The company not only has profound accumulation in the field of traditional fuel vehicles, but also actively deploys in the fields of new energy vehicles and smart vehicles to adapt to the development trend of electrification and intelligence in the automotive industry.
Changan Automobile has a wide market layout. It not only cultivates the domestic market in China, but also actively expands overseas markets. In the domestic market, Changan Automobile has a huge sales network and service system covering major cities and regions. In the overseas market, the company has accelerated its global layout, and its products have entered many countries and regions around the world, especially the Middle East, Africa and Southeast Asia markets.
Changan Automobile's product line covers multiple market segments, mainly including passenger cars, commercial vehicles, electric vehicles, hybrid vehicles, intelligent connected vehicles and auto parts manufacturing. The company has rapidly occupied the market by meeting the needs of different consumers through a multi-level market layout.
As consumer demand for diversified model lineups and electric vehicles continues to grow, Changan Automobile has experienced significant growth in operating income, with average annual vehicle sales reaching 2.25 million vehicles. At the same time, Changan Automobile performed well in terms of export sales, with overseas sales reaching 300,000 vehicles. Overall, Changan's revenue comes from growing domestic sales and foreign exports.
Changan Automobile's profits have fluctuated in recent years. In 2023, Changan Automobile achieved double growth in revenue and net profit. In the first half of 2024, although the company's operating income increased, its profit declined. Despite this, Changan Automobile's profitability is still at a high level in the industry.
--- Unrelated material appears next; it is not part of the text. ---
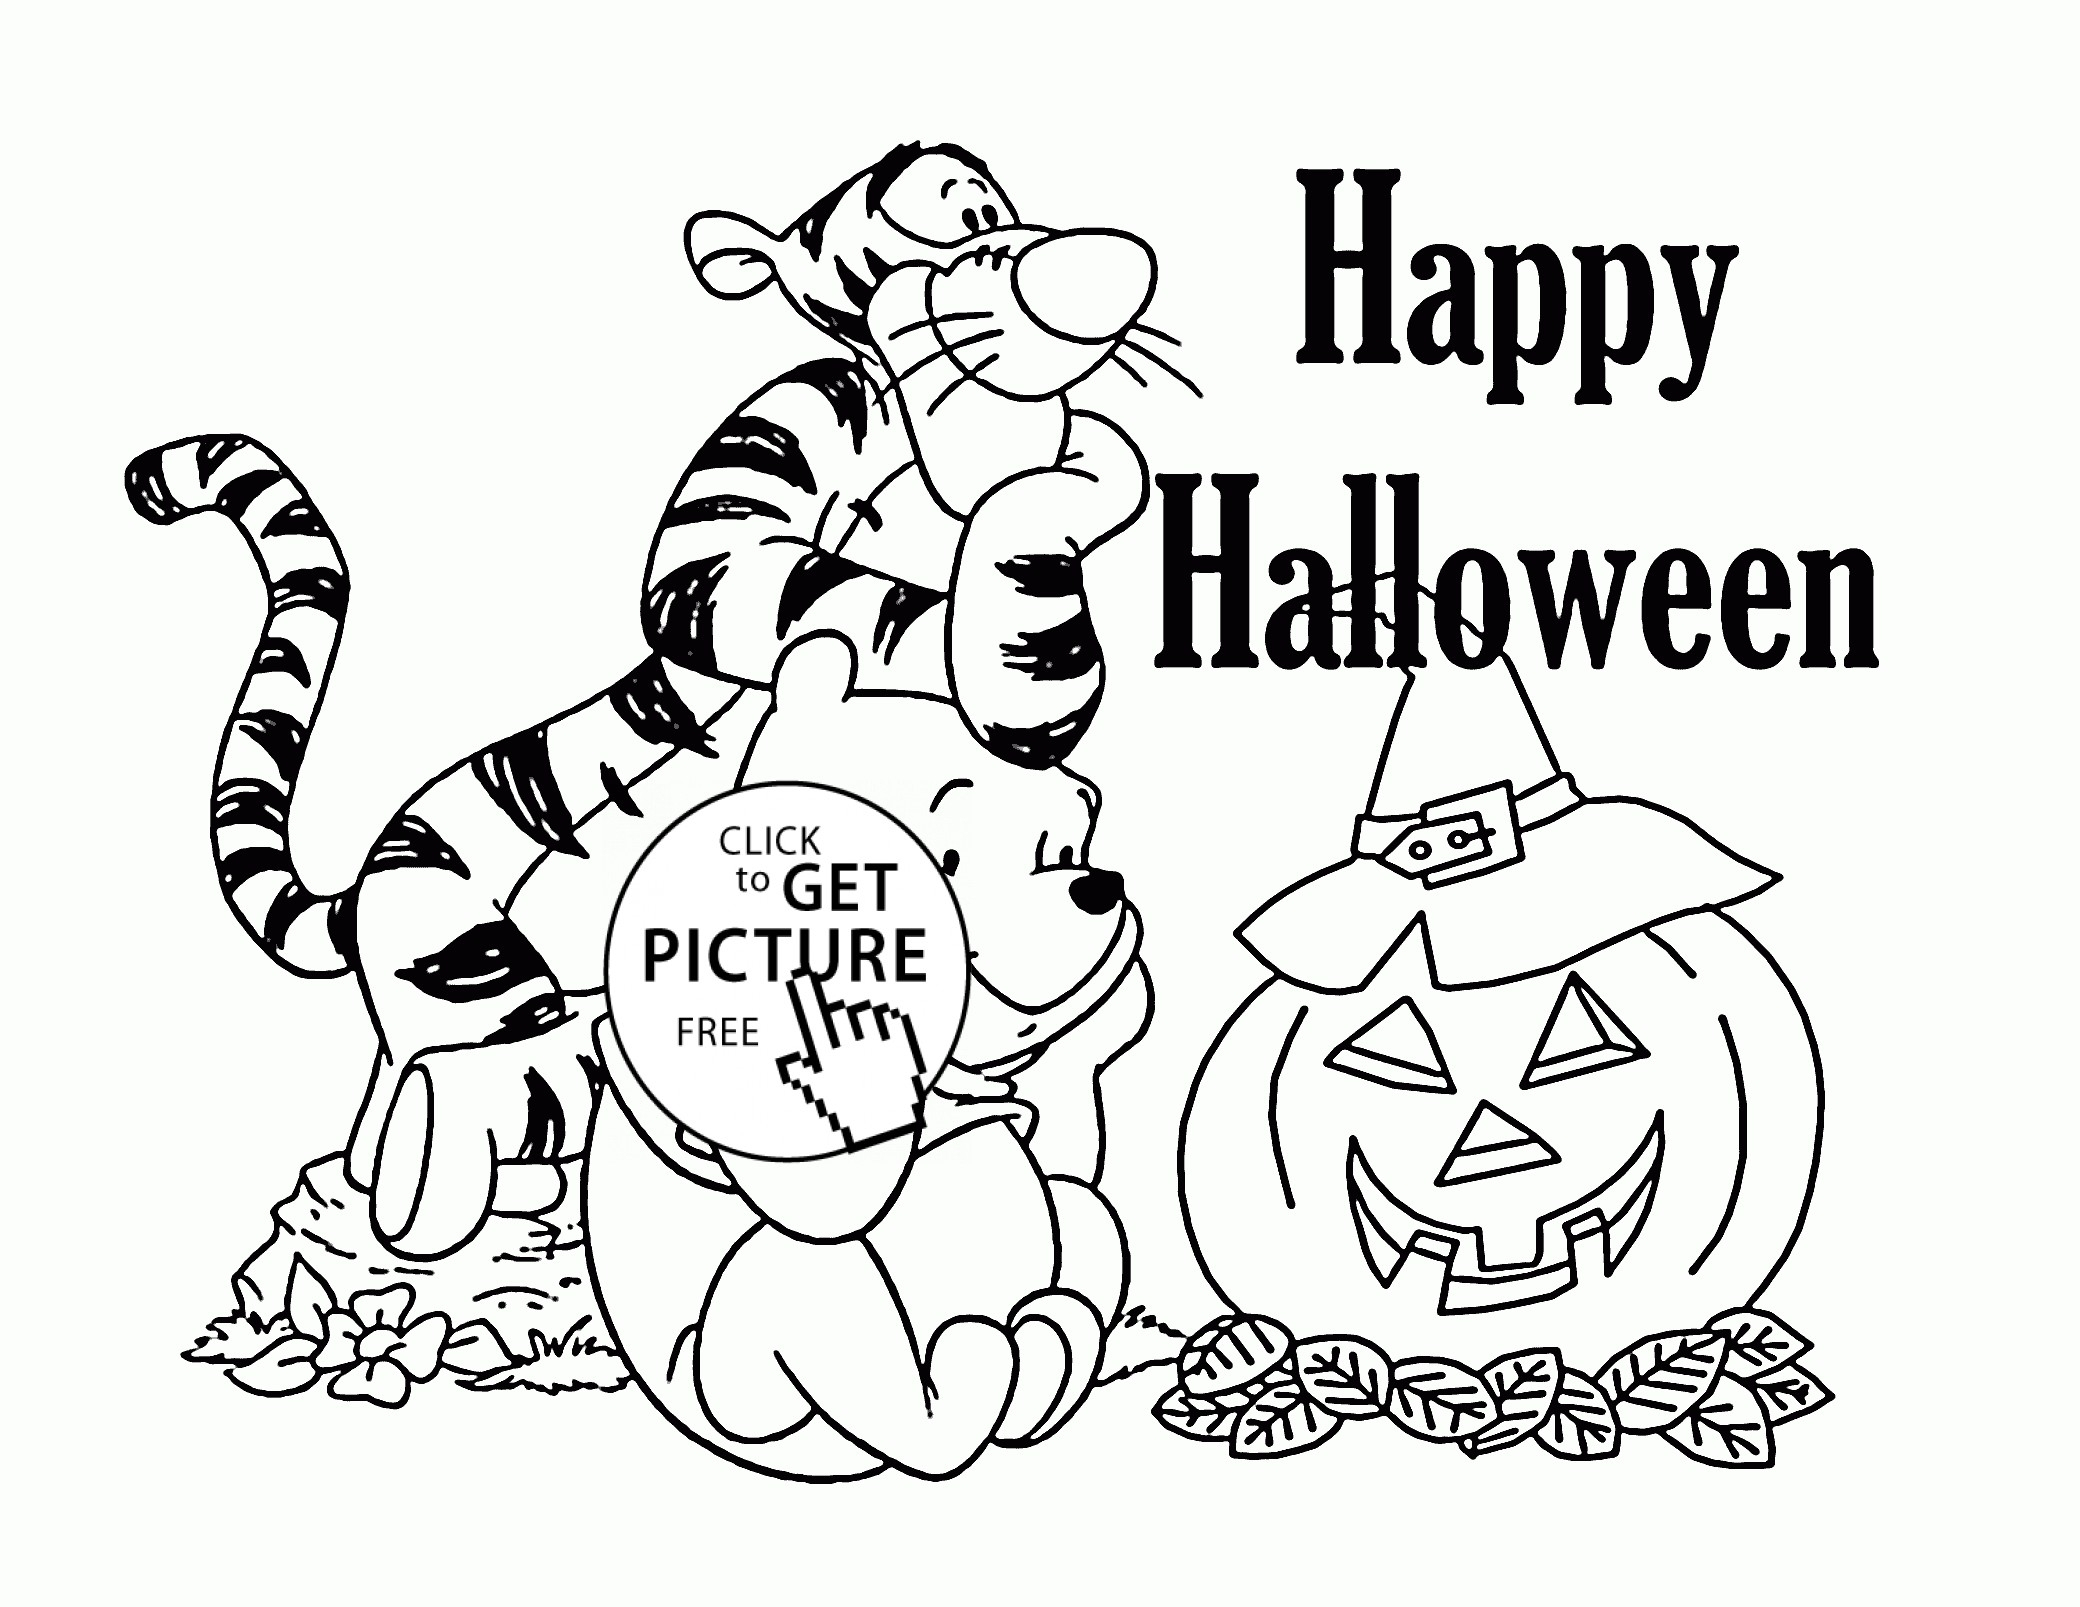 Halloween Coloring Pages For Kids At GetColorings Free Printable Colorings Pages To Print

The company is actively taking measures to optimize its product structure and improve operating efficiency to cope with market changes and competitive pressures.
2. Assumption
With the economic recovery, many new competitors have emerged in the automobile market. As a result, competition among companies for corporate interests has become increasingly fierce. Companies must maintain performance improvement so that their conditions can remain stable and avoid bankruptcy [1]. Changes in the operating environment could also affect the trends in accruals and earnings’ predictive ability. Thus, both accounting and operating factors could differentially affect the temporal variation in cash flow predictability [2]. Due to nothing is more liquid than cash, only cash flow information is able to reflect the liquidity position of the companies [3]. Therefore, this paper analyzes the cash flow of Changan Automobile in terms of revenue, cost of goods sold, R&D expenditure and salaries expenditure to understand the company's operating activities and make assumptions about its cash flow in the next five years.
Basic presupposition:
1. Assuming the company maintains its original production scale.
2. Assuming current car models and projected launch schedules remain unchanged.
3. Assuming the company is in the market where competitors are not exiting and entering.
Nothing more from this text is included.